NehonixURIProcessor is a powerful TypeScript library for developers and security professionals. It provides advanced tools for URI validation, encoding/decoding, and security analysis. For convenience, you can import it as __processor__ to shorten the name (both are the same):

import { NehonixURIProcessor } from "nehonix-uri-processor";
` OR`;
import { __processor__ } from "nehonix-uri-processor";

Overview

The NehonixURIProcessor class offers:

URI Validation: Validate URIs with customizable rules and malicious pattern detection.
Auto-Detection and Decoding: Decode complex URI encodings using autoDetectAndDecode or asyncAutoDetectAndDecode.
Encoding/Decoding: Support for multiple encoding schemes (e.g., Base64, percent encoding, JWT).
Security Analysis: Analyze URLs for vulnerabilities and generate WAF bypass variants.
Framework Integration: Seamless integration with Express and React.
Internationalized URIs: Handle non-ASCII characters with punycode support.

Installation

Install the library and its dependency:

npm install nehonix-uri-processor punycode

Usage

Below are examples showcasing key features:

import {
  NehonixURIProcessor as __processor__,
  MaliciousPatternType,
} from "nehonix-uri-processor";

async function main() {
  // Validate a URI with malicious pattern detection
  const result = await __processor__.asyncCheckUrl(
    "https://example.com?user=admin' OR '1'='1",
    {
      detectMaliciousPatterns: true,
      customMaliciousPatterns: [MaliciousPatternType.ANOMALY],
      maliciousPatternSensitivity: 1.0,
      maliciousPatternMinScore: 50,
    }
  );
  console.log(result.isValid); // false (detects SQL injection attempt)

  // Decode a complex URI
  const decoded = await __processor__.asyncAutoDetectAndDecode(
    "https://example.com?data=SGVsbG8gV29ybGQ="
  );
  console.log(decoded); // https://example.com?data=Hello World

  // Check if deep scanning is needed
  const needsScan = __processor__.needsDeepScan(
    "https://example.com?user=<script>"
  );
  console.log(needsScan); // booelan
}
main();

API Reference

Core Methods

checkUrl

static checkUrl(url: string, options?: UrlValidationOptions): UrlCheckResult

asyncCheckUrl

static asyncCheckUrl(url: string, options?: AsyncUrlValidationOptions): Promise<AsyncUrlCheckResult>

Parameters

url (string): The URI string to validate (e.g., https://example.com?test=true).

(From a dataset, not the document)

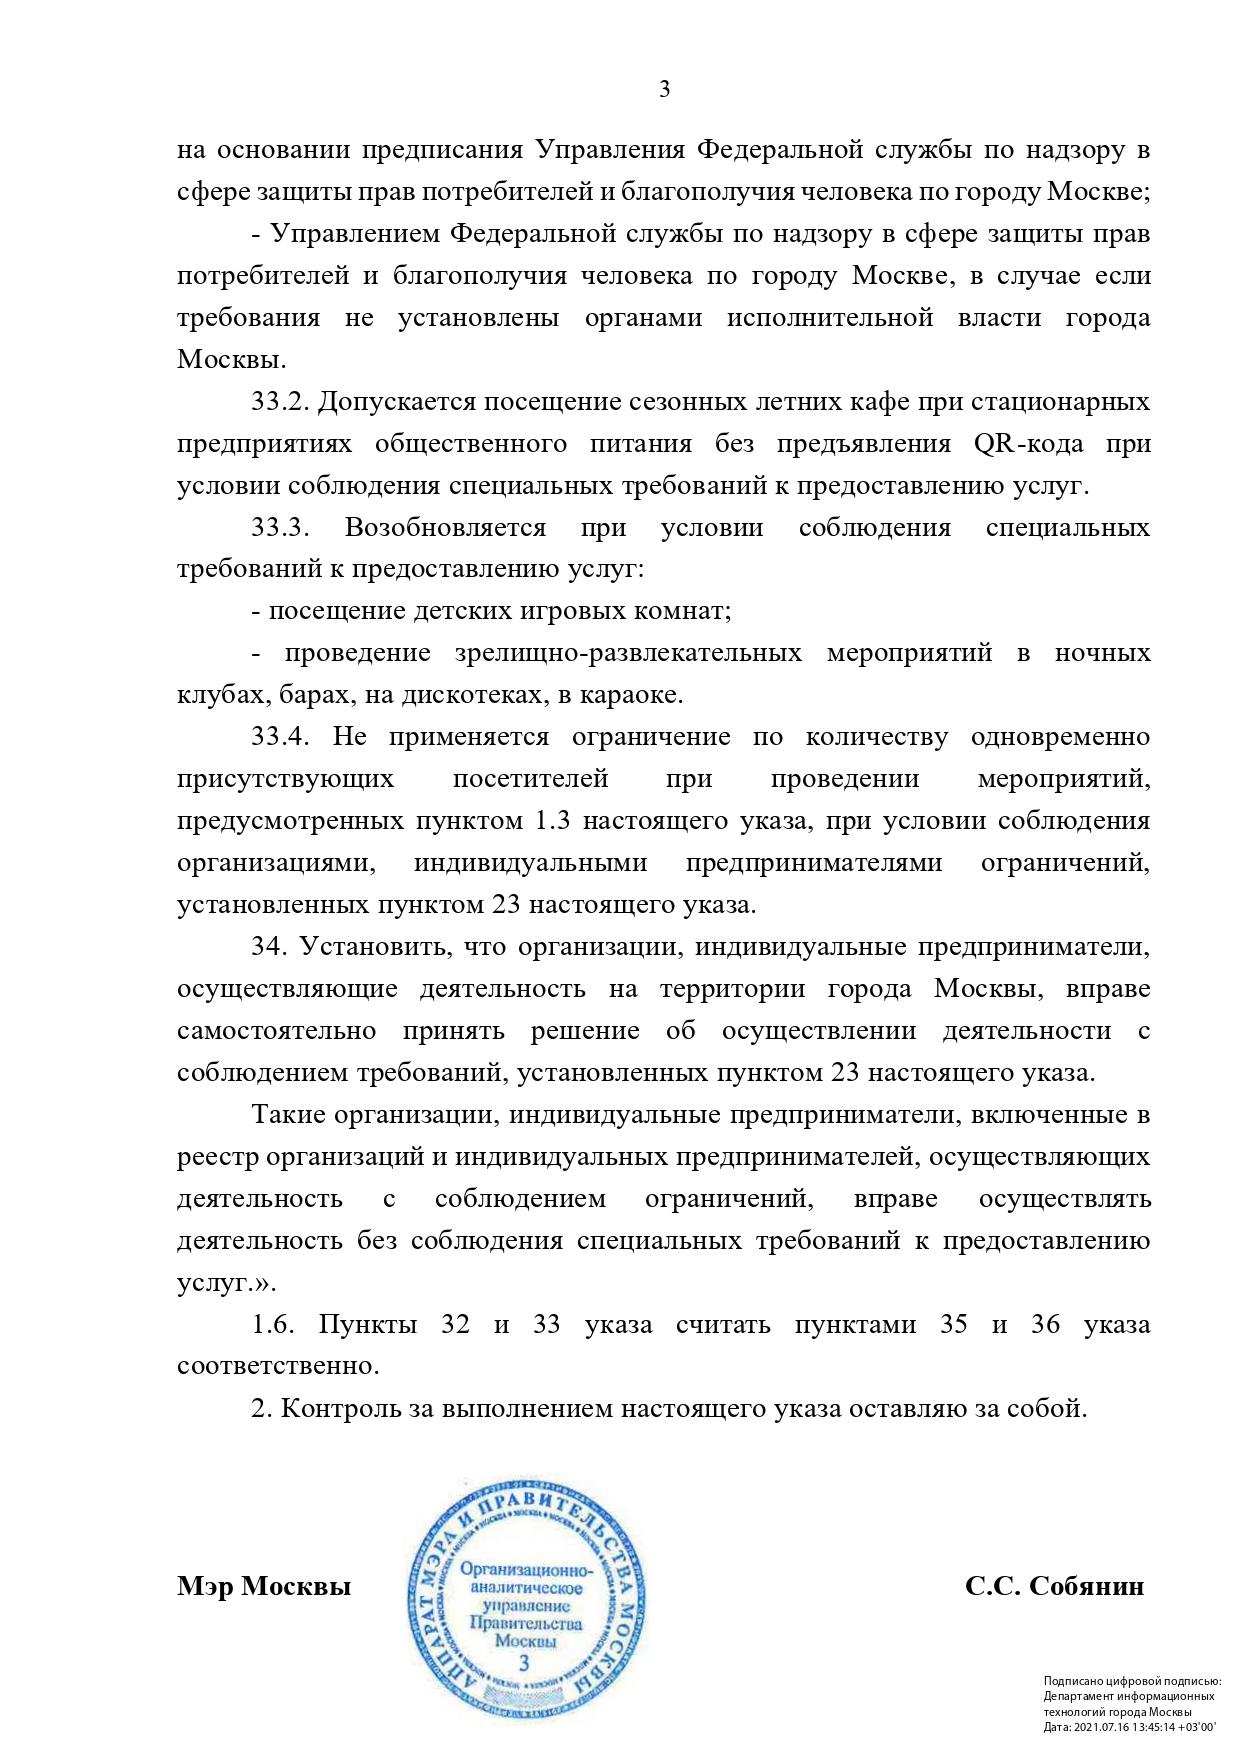 Указ Мэра Москвы Собянина С.С. от 16 июля 2021 г. (16.07.2021) No 42-УМ 3

options (UrlValidationOptions or AsyncUrlValidationOptions, optional): Configuration object to customize validation rules. Defaults to:

{
  strictMode: false,
  allowUnicodeEscapes: true,
  rejectDuplicateParams: true,
  httpsOnly: false,
  maxUrlLength: 2048,
  allowedTLDs: [],
  allowedProtocols: ["http", "https"],
  requireProtocol: false,
  requirePathOrQuery: false,
  strictParamEncoding: false,
  rejectDuplicatedValues: false,
  debug: false,
  allowInternationalChars: false,
  // AsyncUrlValidationOptions only (for asyncCheckUrl)
  detectMaliciousPatterns: false,
  customMaliciousPatterns: [],
  maliciousPatternSensitivity: 1.0,
  maliciousPatternMinScore: 50
}

UrlValidationOptions

| Option | Type | Default | Description | | ------------------------- | ---------------------- | ------------------- | ---------------------------------------------------------------------------- | ----------------------------------------------------------------------------- | -------------------------------------------------------------------------- | | strictMode | boolean | false | Requires a leading slash before query parameters (e.g., /path vs. path). | | allowUnicodeEscapes | boolean | true | Allows Unicode escape sequences (e.g., \uXXXX) in query parameters. | | rejectDuplicateParams | boolean | true | Rejects URIs with duplicate query parameter keys (e.g., ?test=1&test=2). | | rejectDuplicatedValues | boolean | false | Rejects URIs with duplicate query parameter values. | | httpsOnly | boolean | false | Restricts URIs to https:// protocol only. | | maxUrlLength | number | 2048 | Maximum URL length in characters (0 to disable). | | allowedTLDs | string[] | [] | Allowed top-level domains (empty for all). | | allowedProtocols | string[] | ["http", "https"] | Allowed protocols (e.g., http, https). | | requireProtocol | boolean | false | Requires an explicit protocol (e.g., http:// or https://). | | requirePathOrQuery | boolean | false | Requires a path or query string (e.g., /path or ?query=test). | | strictParamEncoding | boolean | false | Enforces strict URI encoding for query parameters. | | debug | boolean | false | Enables debug logging for custom validations, printing actual values. | | allowInternationalChars | boolean | false | Allows non-ASCII characters in URIs (normalized with punycode). | | customValidations | ComparisonRule[] | undefined | Array of custom validation rules for URL components or custom properties. | | literalValue | "@this" | string | number | "@this" | Value for literal rules in customValidations. Defaults to input url. | | fullCustomValidation | Record<string, string | number> | undefined | Defines custom properties for validation (e.g., { domain: "test_domain" }). |

AsyncUrlValidationOptions (extends UrlValidationOptions)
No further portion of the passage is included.